Is there a better way to write this query.

  • I am trying to load data in batches on 10 K. The select statement at the bottom is taking about 60 % of the cost, is there better way to do this. I should be able to control how many records i want in the table.

    DECLARE @BatchSize INT = 10000

    WHILE 1 = 1

    BEGIN

    INSERT INTO dbo.PtActs

    SELECT TOP(@BatchSize) NEWID( ) ,

    a.HlFK ,

    CAST(LEFT(CAST(ABS(CAST(CAST(NEWID() as BINARY(10)) as int)) as varchar(max)) + '00000000',9) as varchar(max)) ,

    dateadd(day,rand(checksum(newid()))*(1+datediff(day, a.AdmitDate, a.DOB)),a.AdmitDate) Admitdate,

    --a.DOB + cast(right(CHECKSUM(a.PIPK),2)as int) AdmitDate ,

    b.DDate ,

    a.RDate ,

    a.LastName ,

    b.FirstName ,

    a.MiddleName ,

    b.Suffix ,

    a.Addr1 ,

    b.Addr2 ,

    b.City ,

    a.State ,

    a.Zip ,

    a.County ,

    b.Phone1 ,

    a.Phone2 ,

    b.DOB ,

    a.SN ,

    a.Gender ,

    a.DOD ,

    a.MNum ,

    b.MedNum ,

    a.TotalCharges ,

    a.CurrentBalance ,

    b.CurrentStatus ,

    a.CreateDate ,

    a.UpdateDate ,

    b.StatusDate ,

    a.ClFK ,

    a.DeChecksum ,

    b.DemDate ,

    b.TrgUpdateDate ,

    a.MoNum ,

    b.UpFK ,

    a.Fde ,

    a.Tats ,

    b.TAdjuts ,

    b.MHC ,

    a.HFK

    FROM dbo.PtActs a

    join dbo.PtActs c

    on a.PtIPK=c.PtIPK

    and a.HlFK=c.HlFK

    CROSS JOIN dbo.PtActs b

    IF (select COUNT(*) from PtActs with(nolock)) > 10050000 BREAK

    END

  • A TOP without an ORDER BY means you could see data duplication or missing data.
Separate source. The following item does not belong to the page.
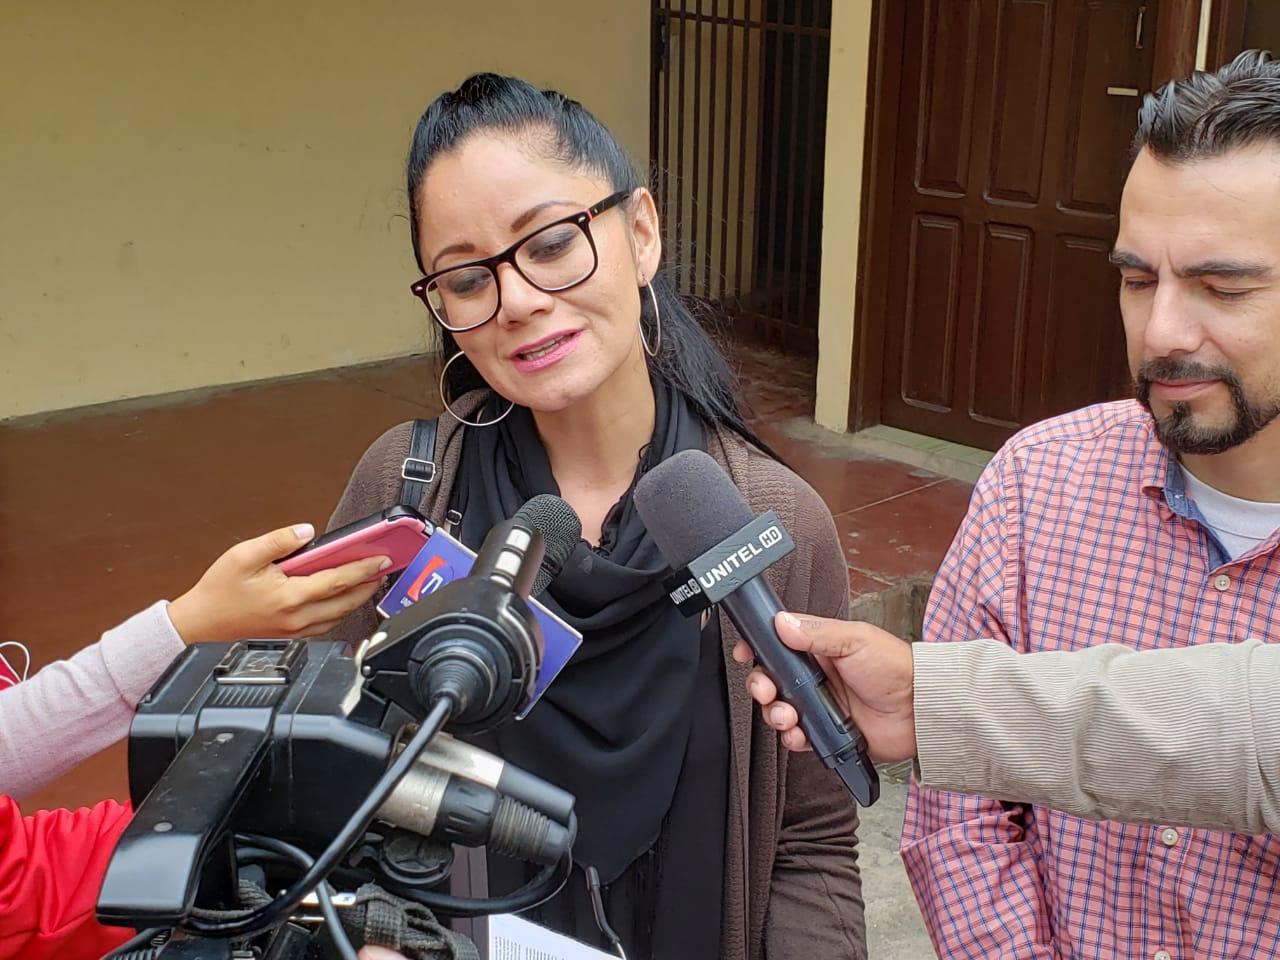 Cantante Camila Soruco tiene un sueldo en el Municipio y no se conoce que trabajo realiza

This is because you're not guaranteed to get the results back in any particular order, so a TOP operation could see different data from one execution to the next. That's the one thing I'd do.

    Other than that, it's hard to know what's happening. Your basic query doesn't look overly crazy or complex and there's not an obvious tuning point. Can you post the execution plan?

    "The credit belongs to the man who is actually in the arena, whose face is marred by dust and sweat and blood"
    - Theodore Roosevelt

    Author of:
    SQL Server Execution Plans
    SQL Server Query Performance Tuning

  • curious_sqldba (1/12/2015)


    I am trying to load data in batches on 10 K. The select statement at the bottom is taking about 60 % of the cost, is there better way to do this. I should be able to control how many records i want in the table.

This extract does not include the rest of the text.